- _WORK ORDER_: From the entries below, retype only the lines from the one with "Els familiars de" through the one with "Greencity Immobilier - Résidence", exactly as written.

- _Source data_:

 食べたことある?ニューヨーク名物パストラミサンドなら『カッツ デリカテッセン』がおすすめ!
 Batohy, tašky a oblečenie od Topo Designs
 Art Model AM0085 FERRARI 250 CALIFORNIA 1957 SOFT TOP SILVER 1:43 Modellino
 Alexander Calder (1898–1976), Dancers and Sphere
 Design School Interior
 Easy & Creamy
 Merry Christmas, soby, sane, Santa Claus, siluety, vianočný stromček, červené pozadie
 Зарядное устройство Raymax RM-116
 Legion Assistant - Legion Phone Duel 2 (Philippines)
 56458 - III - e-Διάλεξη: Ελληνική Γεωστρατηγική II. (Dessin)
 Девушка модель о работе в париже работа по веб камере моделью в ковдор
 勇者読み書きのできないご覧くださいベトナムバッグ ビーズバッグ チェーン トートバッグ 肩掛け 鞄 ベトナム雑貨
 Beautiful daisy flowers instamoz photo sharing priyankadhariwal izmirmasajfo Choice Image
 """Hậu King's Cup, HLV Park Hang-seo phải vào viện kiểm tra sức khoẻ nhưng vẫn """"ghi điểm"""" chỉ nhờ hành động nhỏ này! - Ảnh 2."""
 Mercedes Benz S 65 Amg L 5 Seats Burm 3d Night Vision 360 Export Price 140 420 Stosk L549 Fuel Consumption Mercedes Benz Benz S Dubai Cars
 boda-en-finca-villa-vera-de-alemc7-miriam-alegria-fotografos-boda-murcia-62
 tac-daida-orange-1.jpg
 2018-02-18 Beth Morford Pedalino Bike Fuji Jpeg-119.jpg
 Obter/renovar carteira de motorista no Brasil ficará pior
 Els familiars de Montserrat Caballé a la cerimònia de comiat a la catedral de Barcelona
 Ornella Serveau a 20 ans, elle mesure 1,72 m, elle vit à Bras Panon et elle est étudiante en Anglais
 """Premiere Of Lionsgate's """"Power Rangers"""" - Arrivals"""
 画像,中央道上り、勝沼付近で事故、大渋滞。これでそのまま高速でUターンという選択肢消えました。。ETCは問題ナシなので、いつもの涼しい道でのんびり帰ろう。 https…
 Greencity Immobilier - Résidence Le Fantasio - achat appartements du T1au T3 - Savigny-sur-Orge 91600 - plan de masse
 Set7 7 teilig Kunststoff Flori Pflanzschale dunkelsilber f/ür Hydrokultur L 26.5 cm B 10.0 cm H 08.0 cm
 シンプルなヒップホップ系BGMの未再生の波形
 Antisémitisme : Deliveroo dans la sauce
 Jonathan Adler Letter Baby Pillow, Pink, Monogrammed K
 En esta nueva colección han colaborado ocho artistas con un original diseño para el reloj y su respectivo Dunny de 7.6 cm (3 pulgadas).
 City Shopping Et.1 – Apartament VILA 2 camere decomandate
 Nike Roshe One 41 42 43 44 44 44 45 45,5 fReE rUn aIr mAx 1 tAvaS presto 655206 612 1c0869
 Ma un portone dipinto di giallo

- _RESPONSE TO THE EXERCISE_:
 Els familiars de Montserrat Caballé a la cerimònia de comiat a la catedral de Barcelona
 Ornella Serveau a 20 ans, elle mesure 1,72 m, elle vit à Bras Panon et elle est étudiante en Anglais
 """Premiere Of Lionsgate's """"Power Rangers"""" - Arrivals"""
 画像,中央道上り、勝沼付近で事故、大渋滞。これでそのまま高速でUターンという選択肢消えました。。ETCは問題ナシなので、いつもの涼しい道でのんびり帰ろう。 https…
 Greencity Immobilier - Résidence Le Fantasio - achat appartements du T1au T3 - Savigny-sur-Orge 91600 - plan de masse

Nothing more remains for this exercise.